_RECORDED DATA_
.....

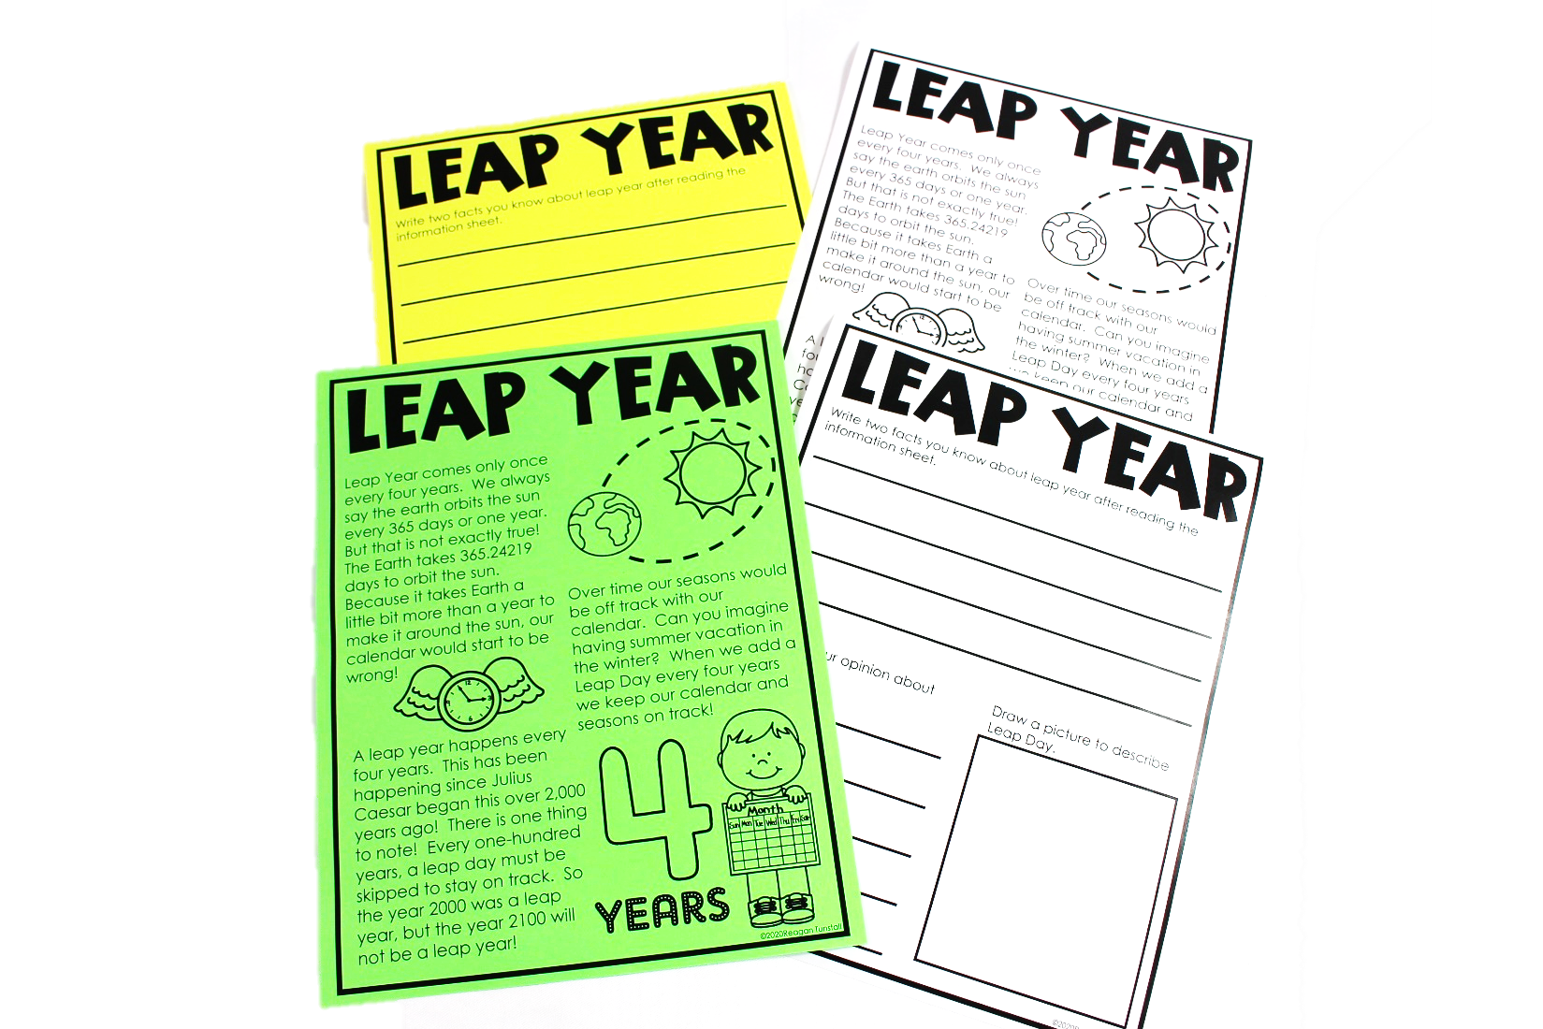 an information sheet which can be used in any way that fits your learners! This can be used for a close read activity or to simply read and share the information with your class about why leap day has come to be. 
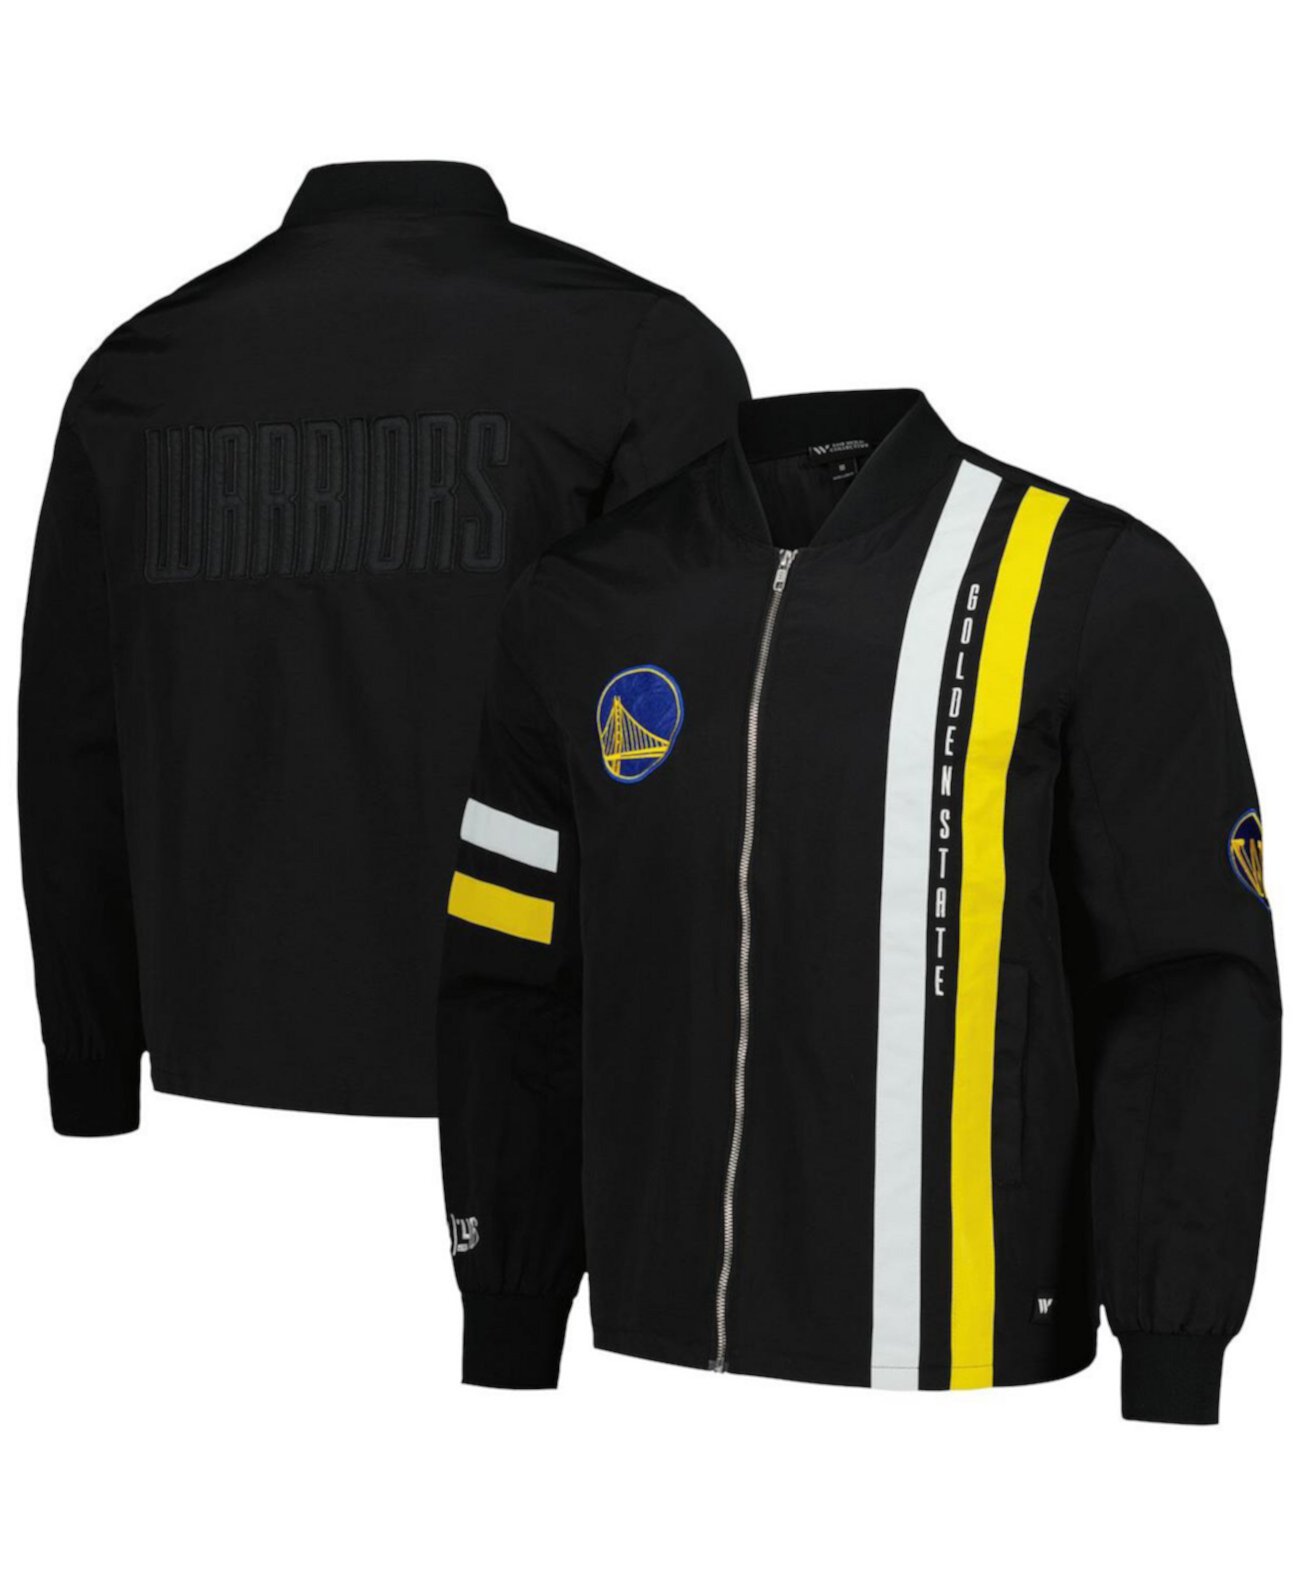 Men's and Women's Black Golden State Warriors Stitch Applique Full-Zip Bomber Jacket The Wild Collective
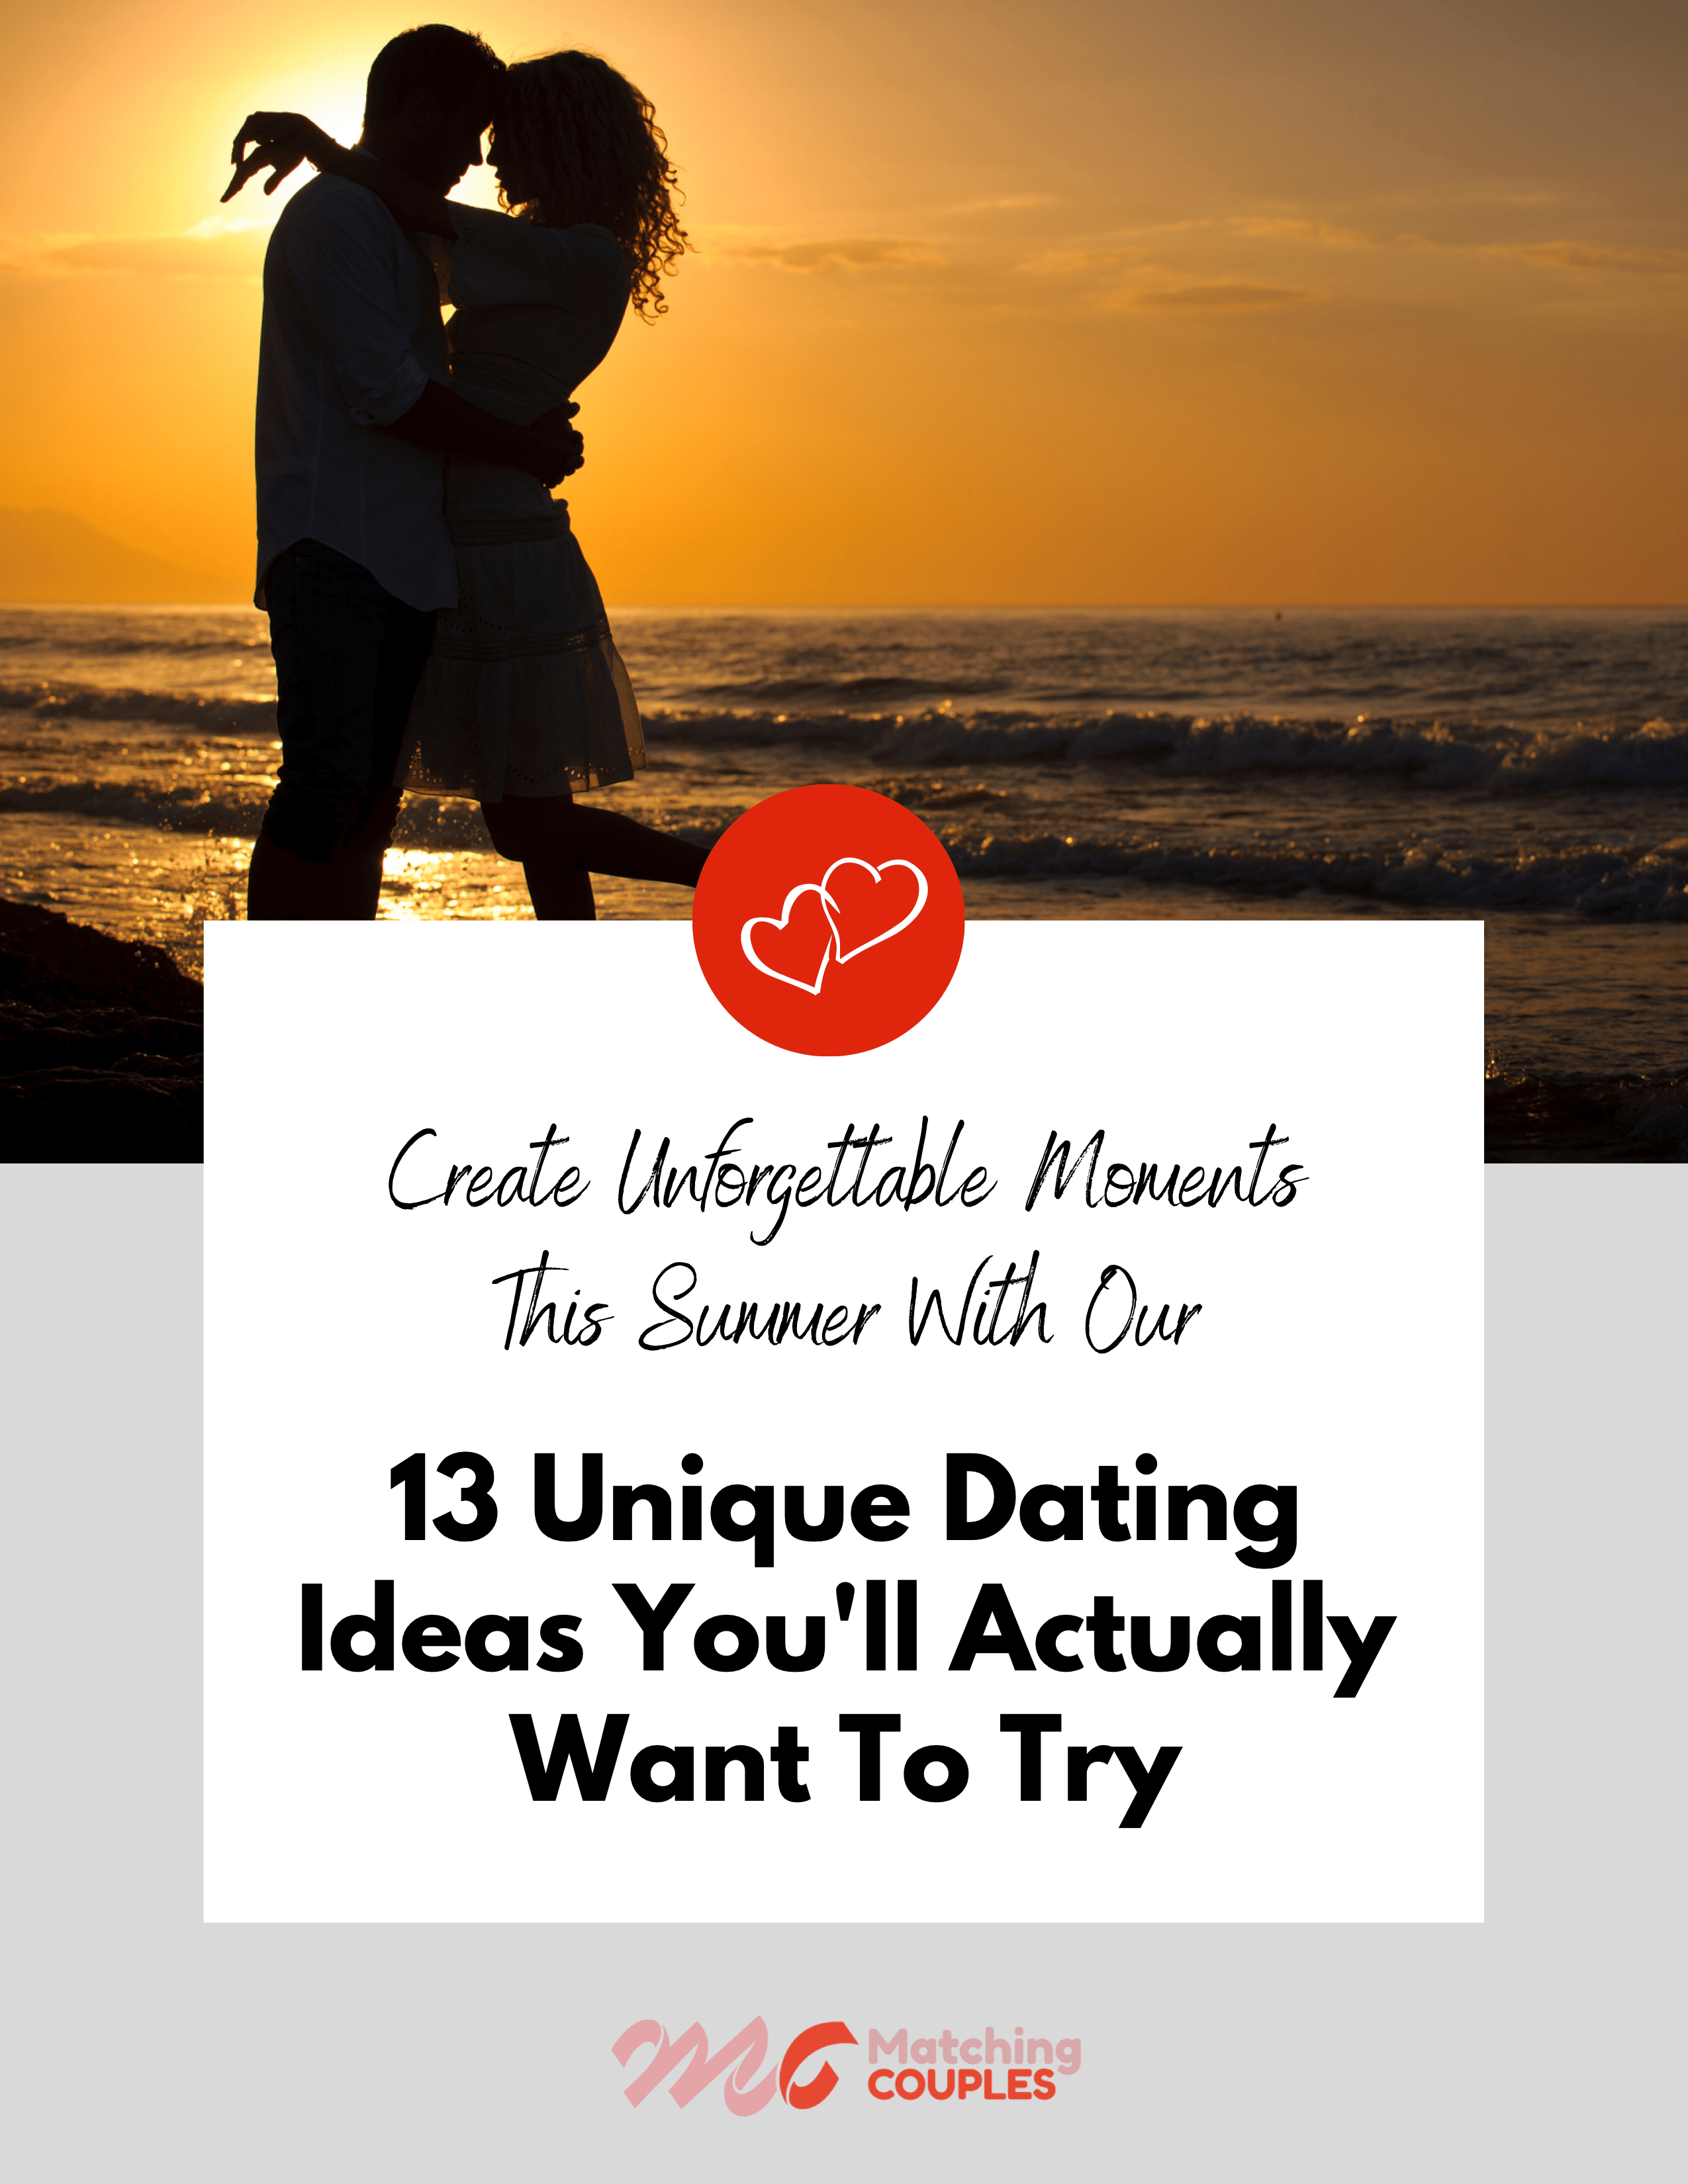 13 Unique Date Ideas You’ll Actually Want To Try This Summer

.....

_AIM OF THE TASK_
Output the listing above exactly, pictures omitted.

_TASK ANSWER_
 an information sheet which can be used in any way that fits your learners! This can be used for a close read activity or to simply read and share the information with your class about why leap day has come to be. 
 Men's and Women's Black Golden State Warriors Stitch Applique Full-Zip Bomber Jacket The Wild Collective
 13 Unique Date Ideas You’ll Actually Want To Try This Summer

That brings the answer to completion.